The following table describes the parameters in the Configure Policies step.
Parameter |
Description |
Exception Type |
Select Network Exception or Network Exception + Business Exception (HTTP 5xx) based on your business requirements.
|
QPS Lower Limit |
Enter the lower limit of queries per second (QPS) based on the statistical time window.
The time window is 15s for applications that run Dubbo 2.7, and is 10s for applications
that run other Dubbo versions and Spring Cloud applications. If the QPS in a statistical
time window, 15s for example, reaches the specified lower limit, EDAS starts to collect
and analyze error rate statistics.
|
Lower Error Rate Limit |
Enter the lower limit of the error rate. If the error rate on an instance of a called
application exceeds the limit, the instance is removed. Default value: 50%. For example,
an instance receives 10 call requests in the statistical time window, and 6 call requests
fail. The error rate is 60%. If you set this parameter to 50% in this situation, the
instance is removed.
|
Upper Limit of Instance Removal Ratio |
Enter the upper limit for the proportion of abnormal instances that can be removed.
If the limit is reached, no more abnormal instances are removed. For example, an application
has 6 instances in total. If you set this parameter to 60%, the number of instances
that can be removed is 3.6, which is rounded down to the nearest integer 3. The number
is calculated by using the following formula: 6 × 60%. If the calculated result is
less than 1, no instances are removed.
|
Recovery Detection Unit Time |
Set a unit interval to detect whether abnormal instances are recovered. After abnormal
instances are removed, EDAS linearly increases the detection interval by the specified
unit interval with the number of detection times. Default value: 30000. Unit: ms.
The default value equals 0.5 minute.
|
Maximum Cumulative Number of Times Not Restored |
Enter the maximum number of times that EDAS detects whether an abnormal instance is
recovered. After the maximum number is reached, EDAS stops increasing the detection
interval. For example, an abnormal instance remains unrecovered after being detected
20 times. If you set Recovery Detection Unit Time to 30000 and Maximum Cumulative Number of Times Not Restored to 20 in this situation, EDAS detects whether the instance is recovered at an interval
of 10 minutes, which is calculated by using the following formula: 20 × 30000 ms.
If the instance is recovered before the maximum number is reached, the detection interval
is reset to Recovery Detection Unit Time.

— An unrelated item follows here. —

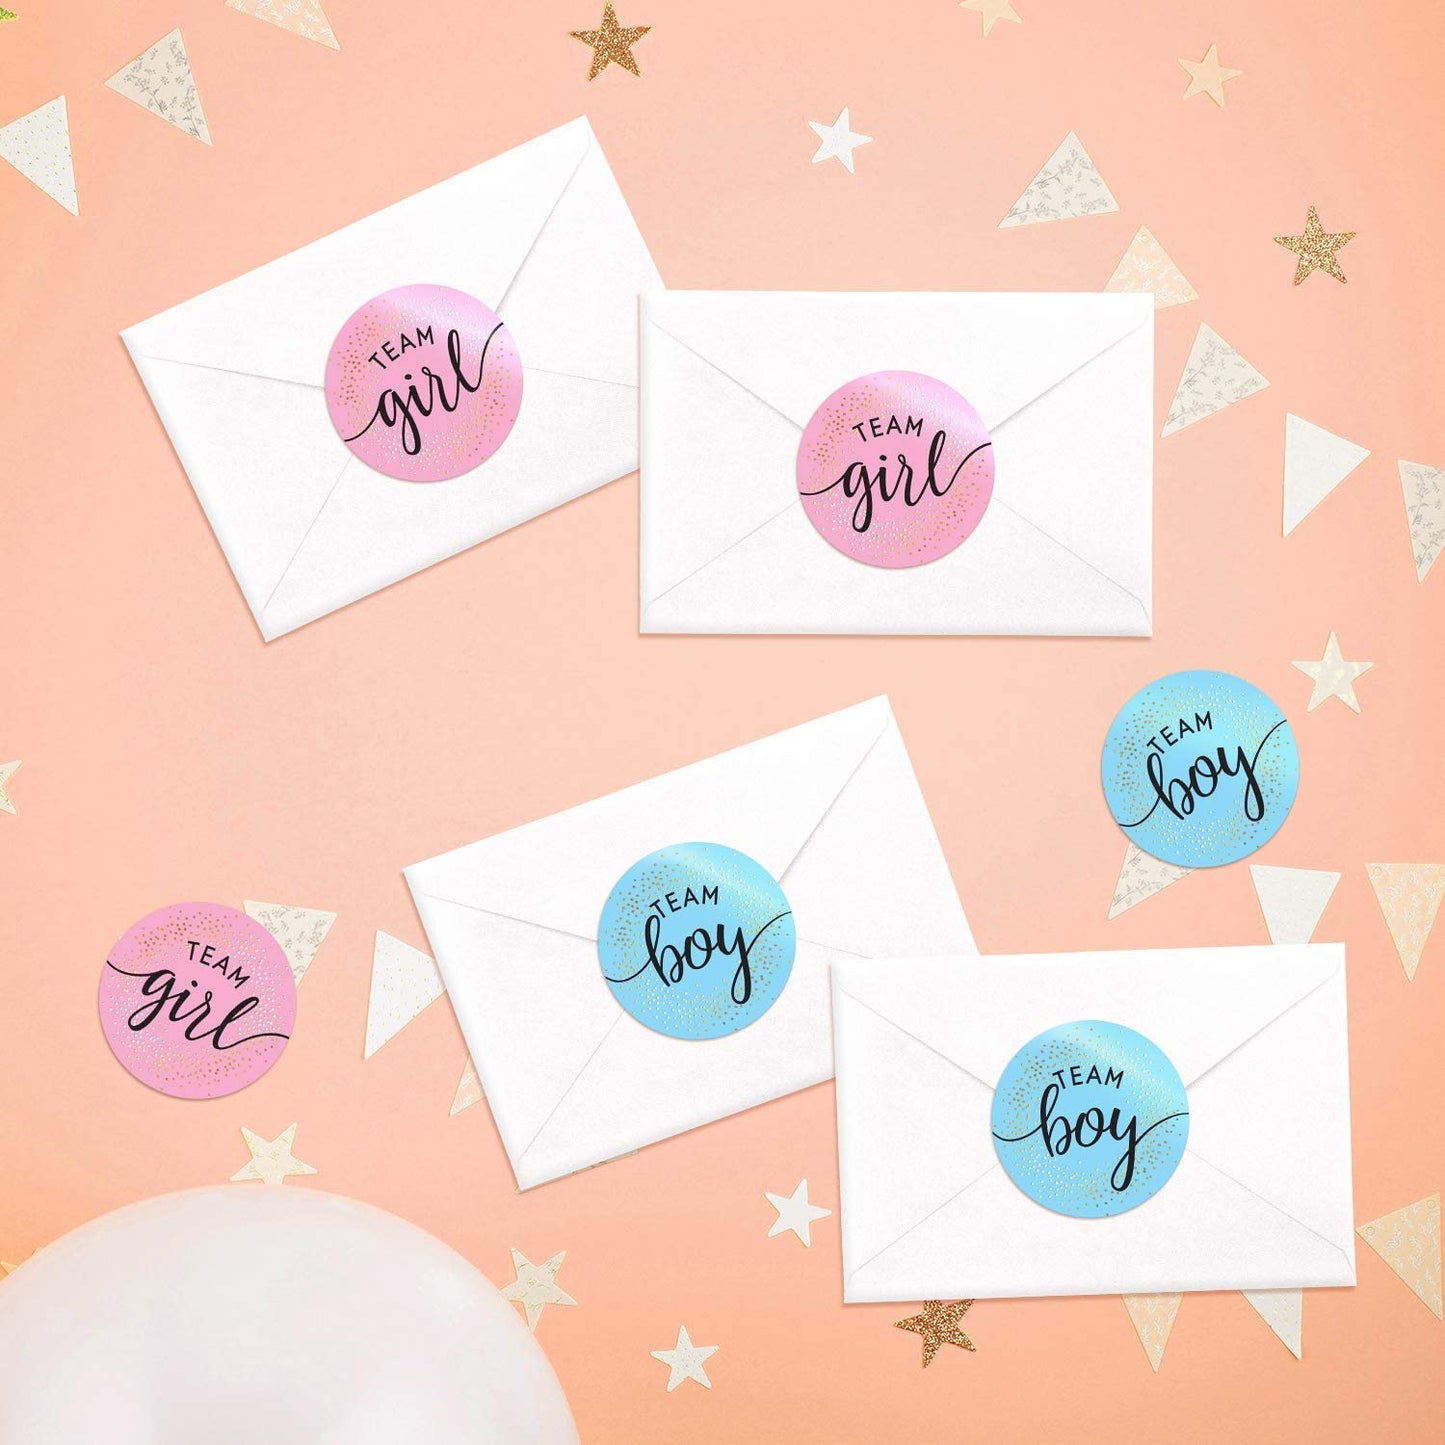 2.25” Gender Reveal Stickers for Party Invitations and Voting Games (80 Count) - Team Boy and Team Girl Labels with Gold Foil for Reveal Parties and Baby Showers | Easy to Peel and Stick (Circle)

Note We recommend that you do not set Maximum Cumulative Number of Times Not Restored to a large value. A large value can result in a long detection interval. If an instance
is recovered early before a long detection interval arrives, the recovery cannot be
detected in a timely manner. This results in low resource utilization and postponed
processing of service call requests.
|
- In the Create Confirm step on the Create Outlier Instance Removal Policy page, confirm the parameter settings and click Create.
Verify the result
After you configure and submit an outlier instance removal policy, the outlier instance
removal feature is enabled. After you configure an outlier instance removal policy
for an application, you can go to the details page of the application to view the
monitoring information. You can view the monitoring information in topology to check whether all requests are still forwarded to abnormal instances. You can
also check whether Error Rate per Minute of the application is higher than the configured Lower Error Rate. Based on the information, you can determine whether the outlier instance removal
policy takes effect.
What to do next
On the Outlier Instance Removal page, you can click Edit or Delete in the Operation column to manage the policies.